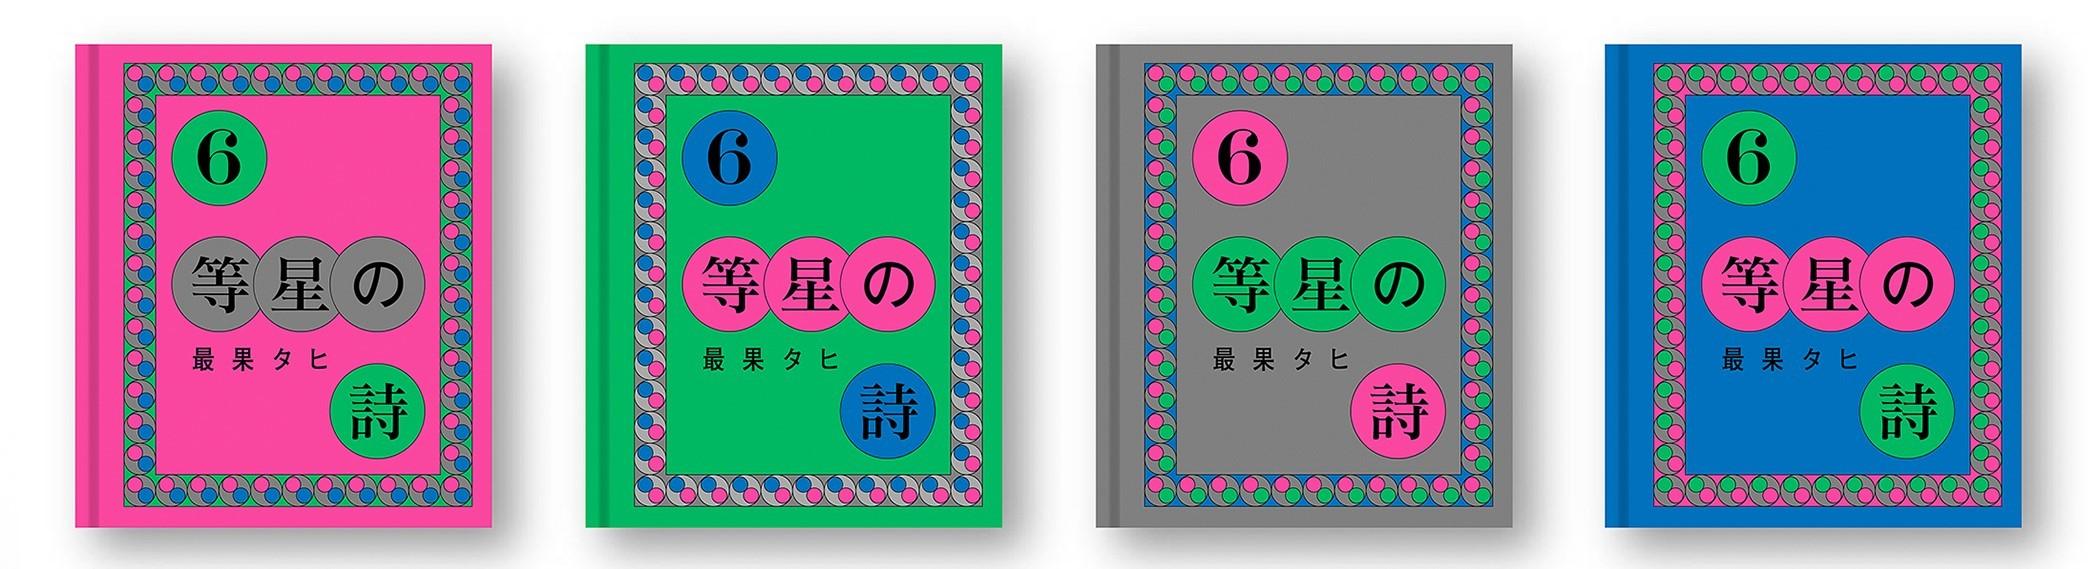 本展オリジナルミニ本「6等星の詩」(非売品)
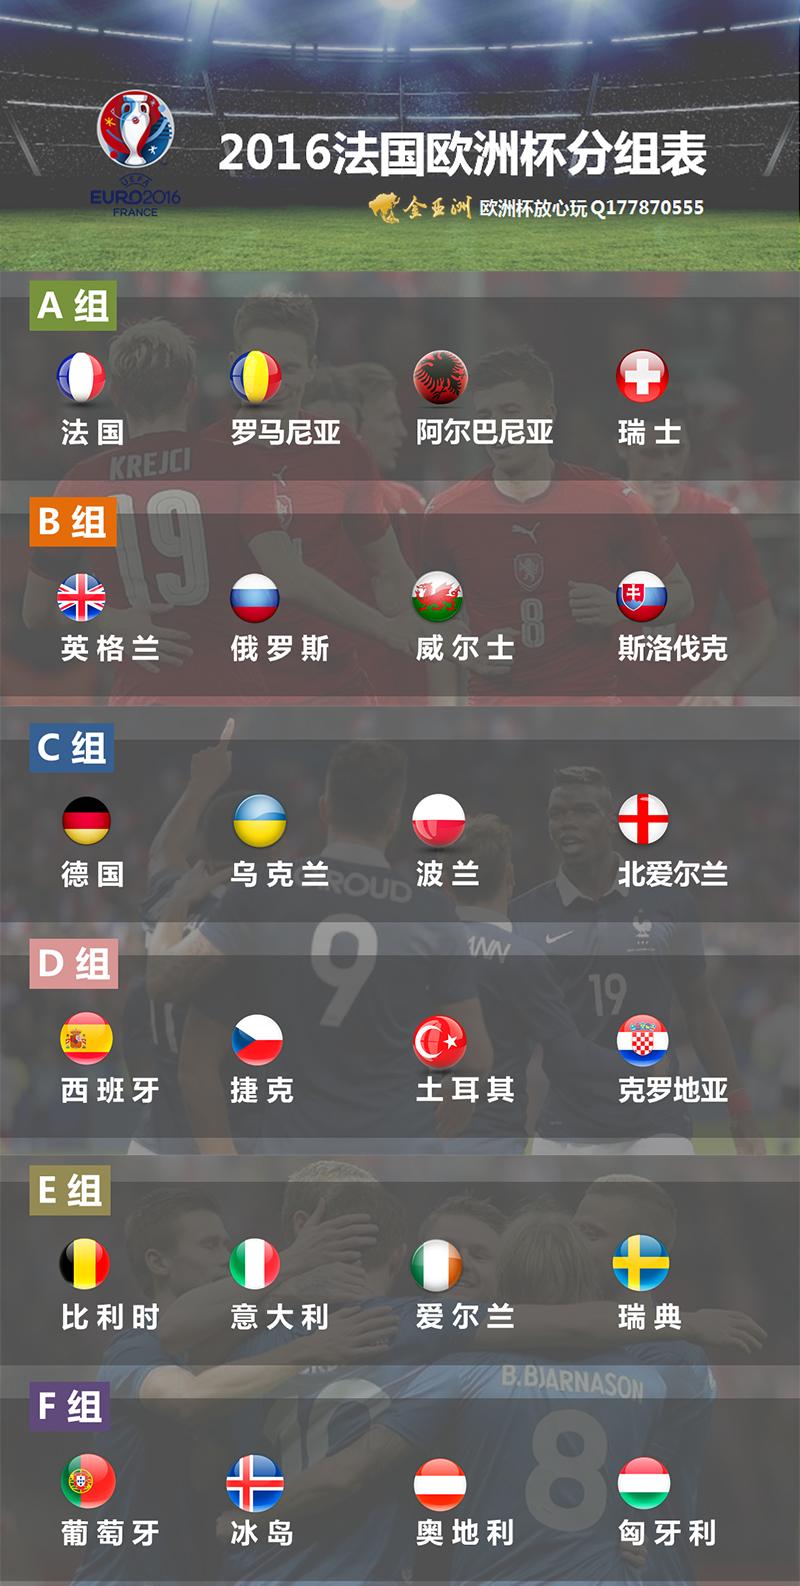 2016法国欧洲杯完整赛程表-最新版看这里
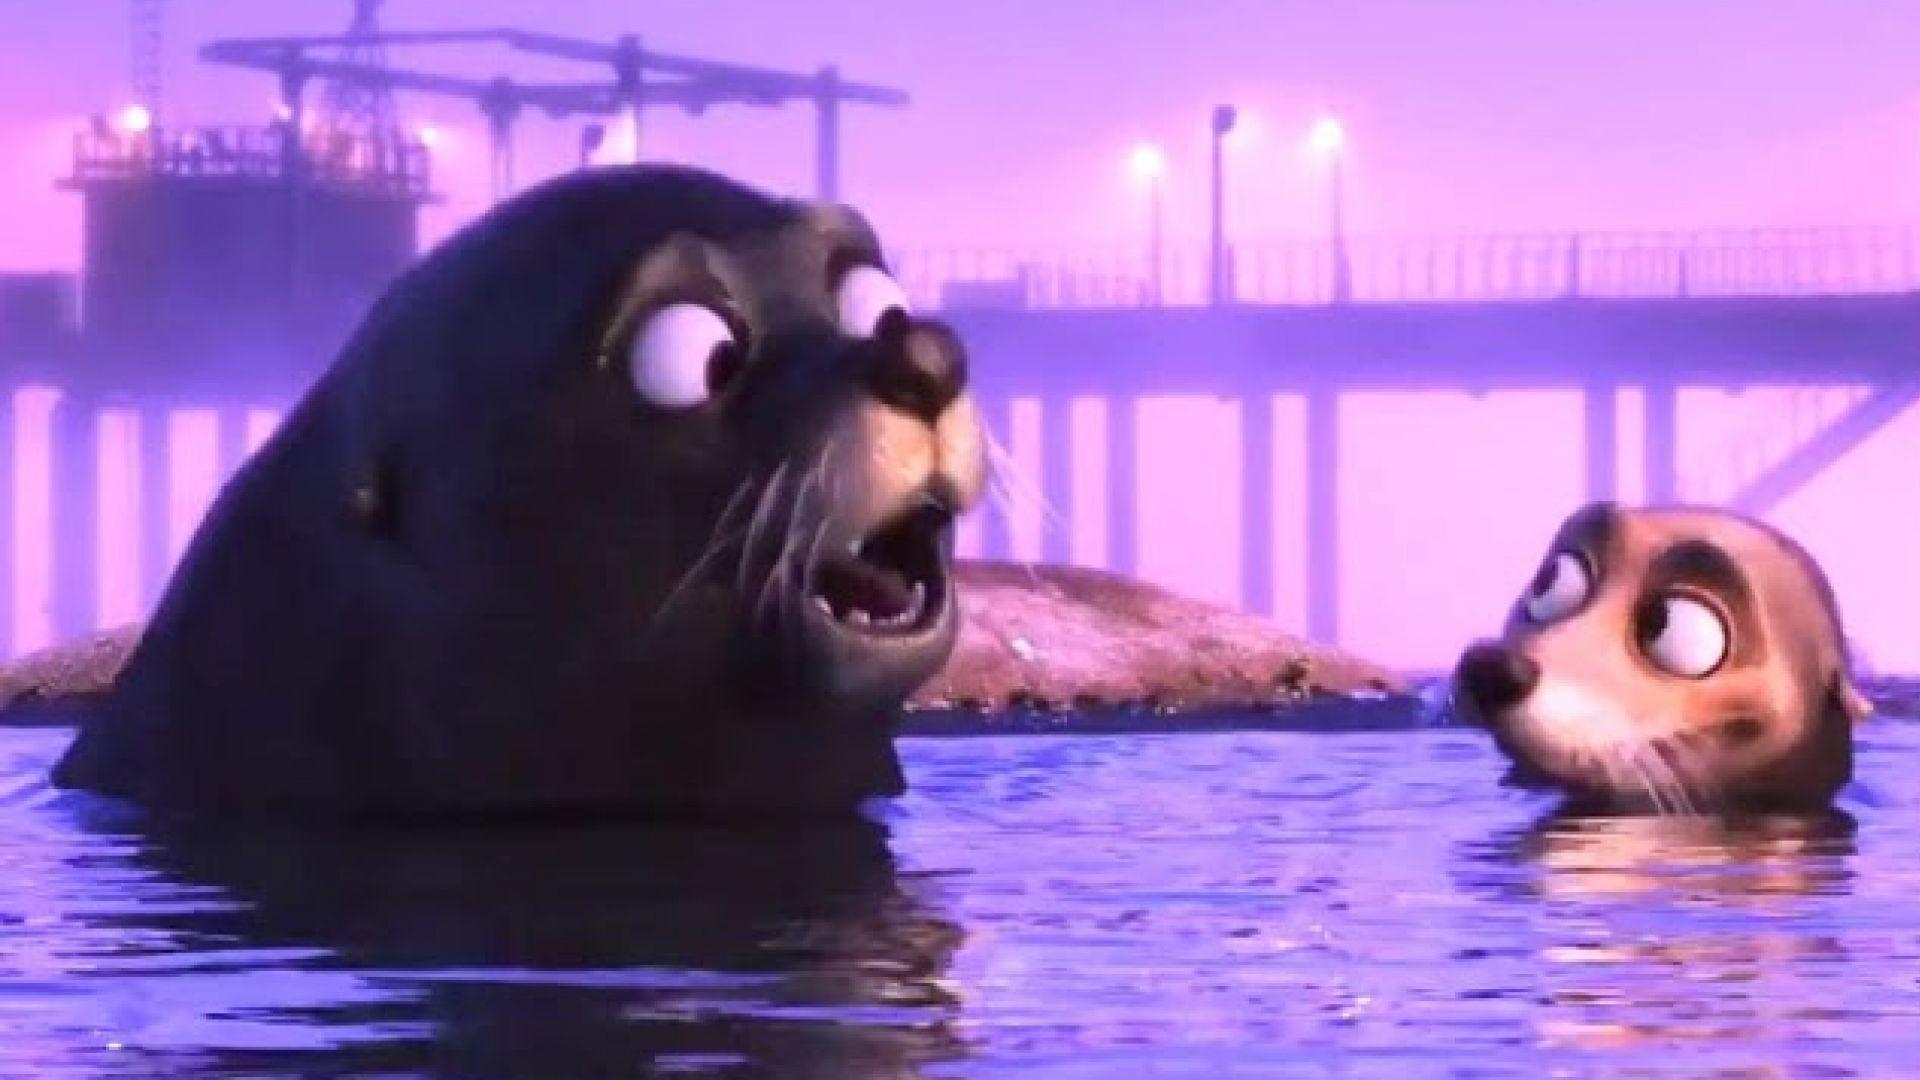 Sneak Peek: A new Finding Dory trailer lands tomorrow on Ell
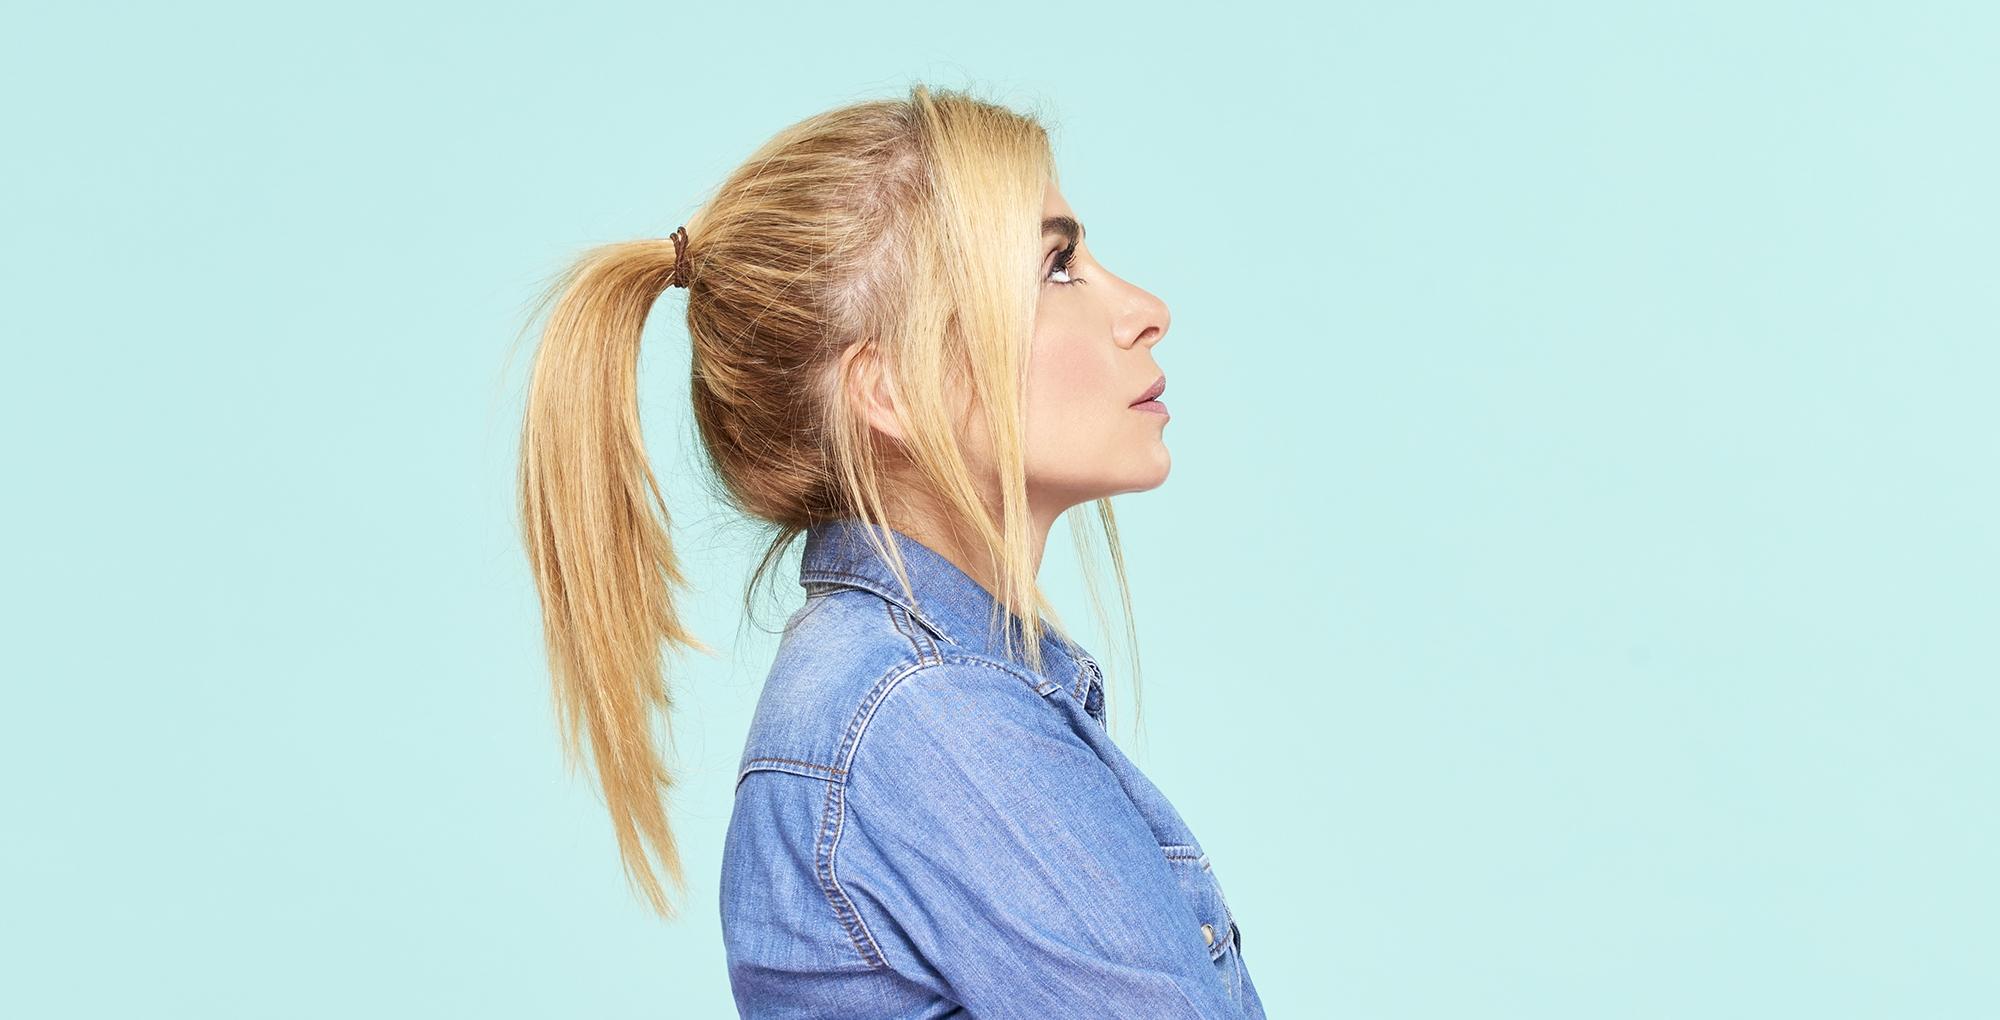 julie zenatti album fragile semaine speciale live actu
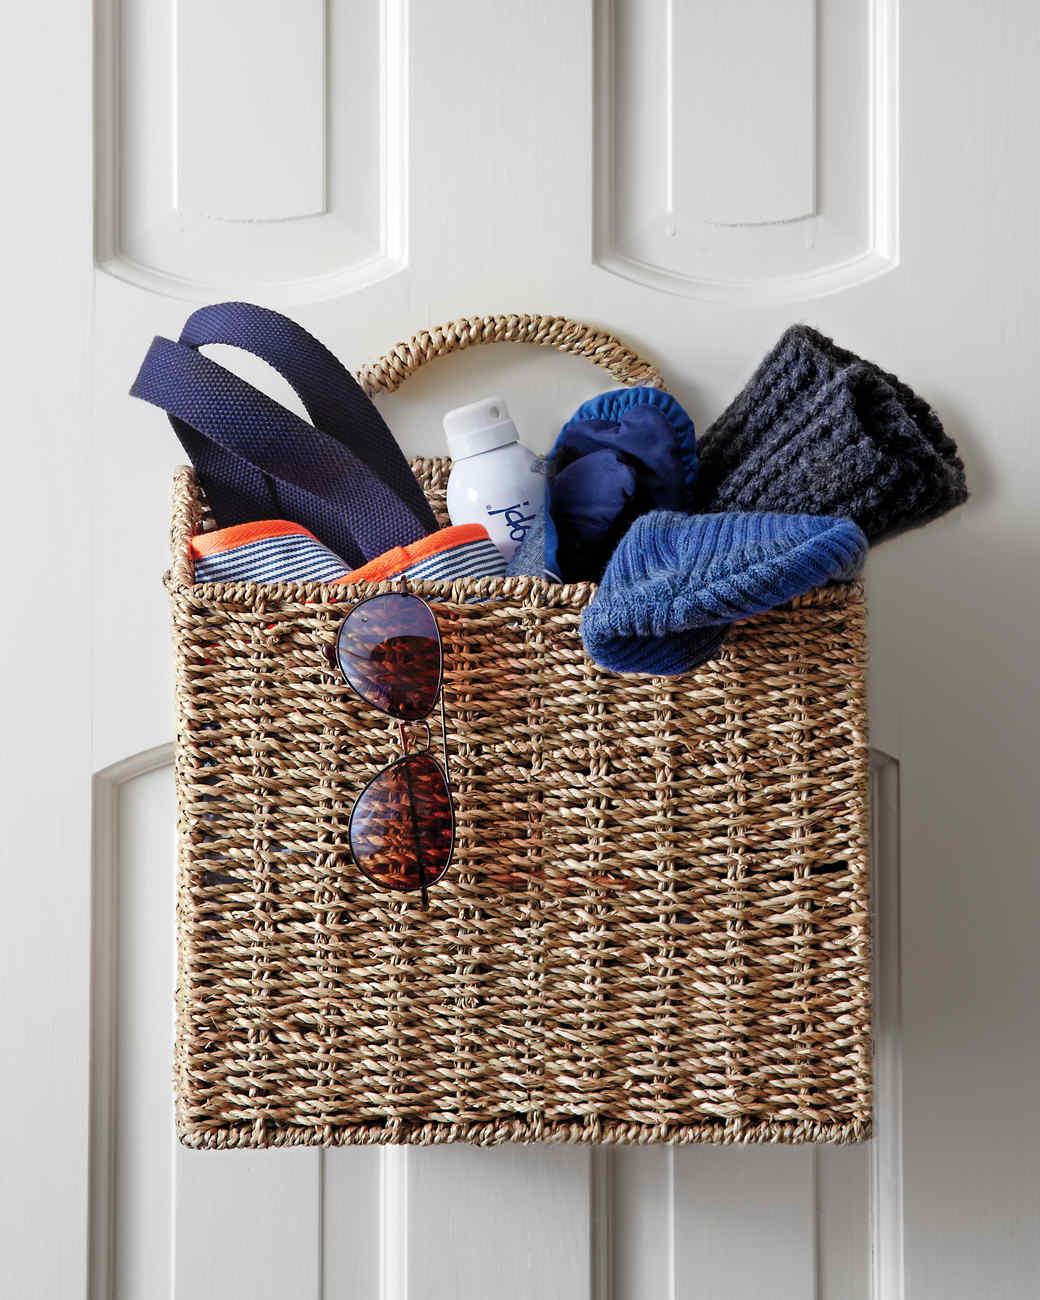 hanging-basket-detail-summer-006comp-md110840.jpg

**EXERCISE GOAL**
Find the line that contains "julie zenatti album". Copy it and every line after it through the end of the listing exactly, but not the pictures.

**REPLY**
 julie zenatti album fragile semaine speciale live actu
 hanging-basket-detail-summer-006comp-md110840.jpg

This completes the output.